Setting up TLS for the Server-Agent Connection - ironstream_for_servicenow_discovery_1 - 7.5

Ironstream for ServiceNow® Discovery for IBM Z® Installation

Product type
Software
Portfolio
Integrate
Product family
Ironstream
Product
Ironstream > Ironstream for ServiceNow® Discovery
Version
7.5
Language
English
Product name
Ironstream for ServiceNow® Discovery for IBM Z®
Title
Ironstream for ServiceNow® Discovery for IBM Z® Installation
First publish date
2007
Last updated
2024-08-08
Published on
2024-08-08T06:53:53.282486

The steps that follow assume creating a separate key database for the Ironstream certificates and keys. If you wish to use an existing key database, consult the IBM documentation for creating mainframe and client certificates and keys using an existing database. If you are receiving certificates from a third-party certificate supplier, they must be imported into an existing key database which will be specified in Step 10.

This procedure requires that IBM "Cryptographic Services System SSL" and "Cryptographic Services Security Level 3" packages are installed on the mainframe LPAR.

Step 1 - Creating the key database

From a Unix System Services shell, execute program gskkyman. Select option 1 to create a new database and follow the prompts, selecting whatever options are appropriate for your needs.

In this example, we create a key database named "example" and choose a password and accept the default for password expiration and database record length. Enter "0" for the FIPS mode database option because FIPS mode is not supported on the MID server application. This will create an “example” database file in the directory where the gskkyman program was run. The location of this database file will be used in Step 10.

 

Step 2 – Store the database password

After pressing Enter, you will be taken to the Key Management Menu. Select option 10 to store the key database password in a stash file. The location of the stash file will be used in Step 10.

Step 3 – Creating the certificate authority

After pressing Enter, you will be taken back to the Key Management Menu. Select option 6 to create a self-signed certificate, and then select option 1 on the next menu to create a CA certificate. In this example, the CA certificate will be called "example_ca".

Select the options that are appropriate for your needs in the next menus. For this example, we create a 2048 bit RSA key and use a SHA-256 signature.

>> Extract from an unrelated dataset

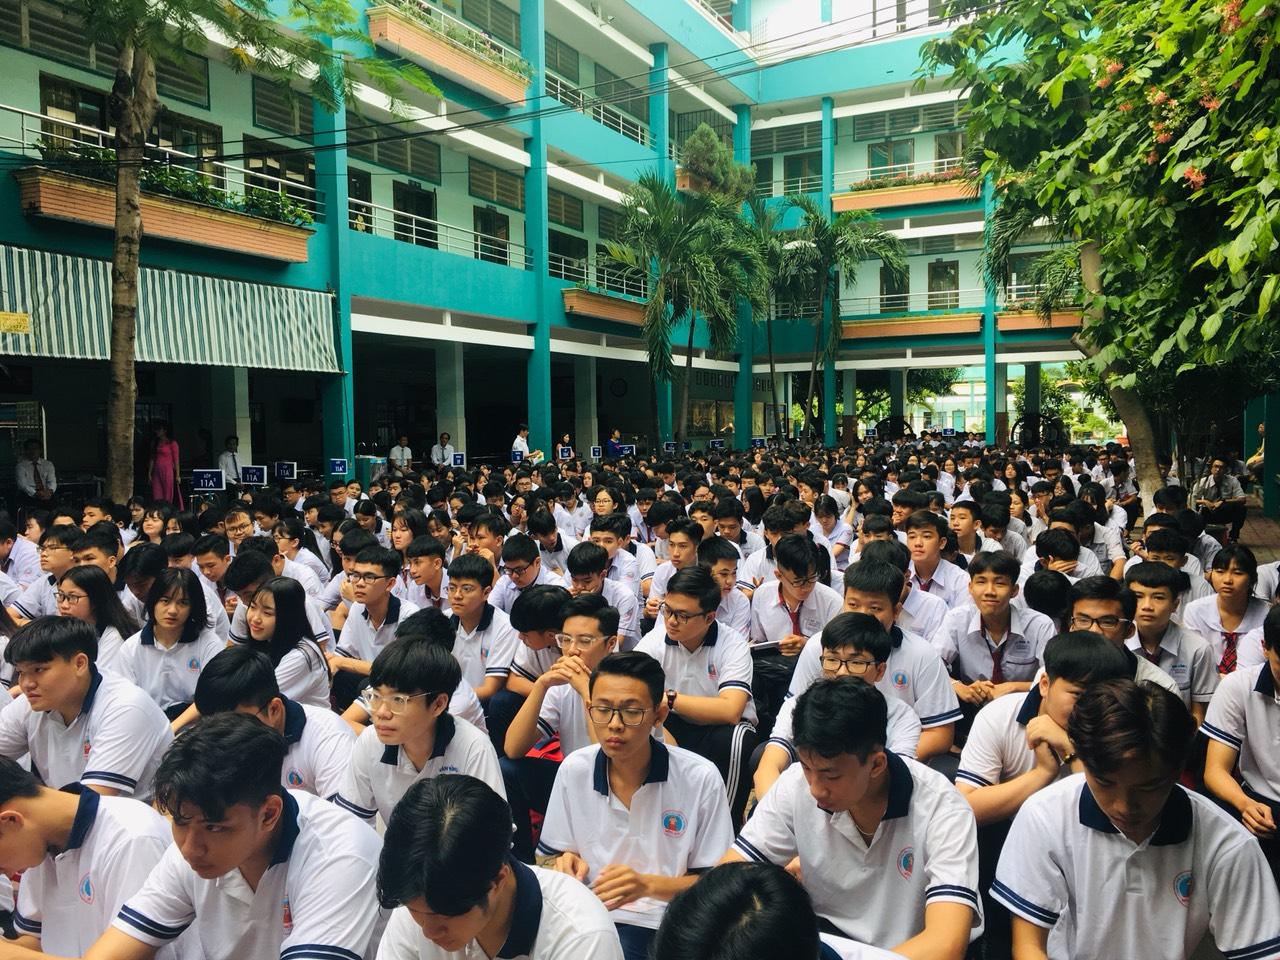 Tại sao trường nội trú tốt nhất lại phù hợp để giảm áp lực thi vào cấp 3? – truongtuthucchatluongtaitphcm

Return to the Key Management Menu with option 1.

Select the newly created certificate:

Step 4 - Creating the mainframe key and certificate

Select option 10 to create a signed certificate and key. Then from the next menu, select option 2 to create a user or server certificate.

 

For the mainframe certificate, the Common name must match the fully qualified domain name of the mainframe node (e.g., example.eview-tech.com).

Ensure that a Subject Alternative Name (SAN) using the DNS name has been specified.

Press Enter to return to the Key and Certificate Menu for the certificate authority.

Step 5 - Creating the client key and certificate

Repeat Step 4 to create a client key and certificate. You must give the new certificate a different label than the mainframe certificate from Step 4, and enter the MID server name in the Common name field.

Press Enter to return to the Key and Certificate List.

Step 6 - Set the mainframe key as the default

Select the mainframe certificate from the Key and Certificate List and then choose option 3 to set it as the default key for the key database.

Press Enter to return to the Key and Certificate List.

Step 7 - Exporting the client key

Select the client certificate from the list.

Select option 7 to export the key and certificate, and then select option 3 to export a binary PKCS #12 version 3 key file to the directory where the gskkyman program was run. This option will ask for a password for the PKCS12 file. Retain this password for use in Step 9.

Step 8 - Transfer certificate file to the MID server

Transfer the PKCS12 file from step 7 to the MID server. If using FTP, ensure that binary mode is used.

Step 9 – Set parameters on the MID server

Use the Ironstream Configurator web interface to modify these three parameters to enable TLS communication for the defined mainframe node:

TLS This parameter is used to determine whether the communication on the message and command service ports is encrypted using TLS encryption algorithms. Select the checkbox to use TLS.
PKCS #12 FILE This parameter identifies the location and name of the PKCS12 file that was downloaded in Step 8.
PKCS #12 PASSWORD Enter the password that was created for the PKCS12 file in Step 7. (The password will be stored in the configuration file using AES 128-bit encryption.)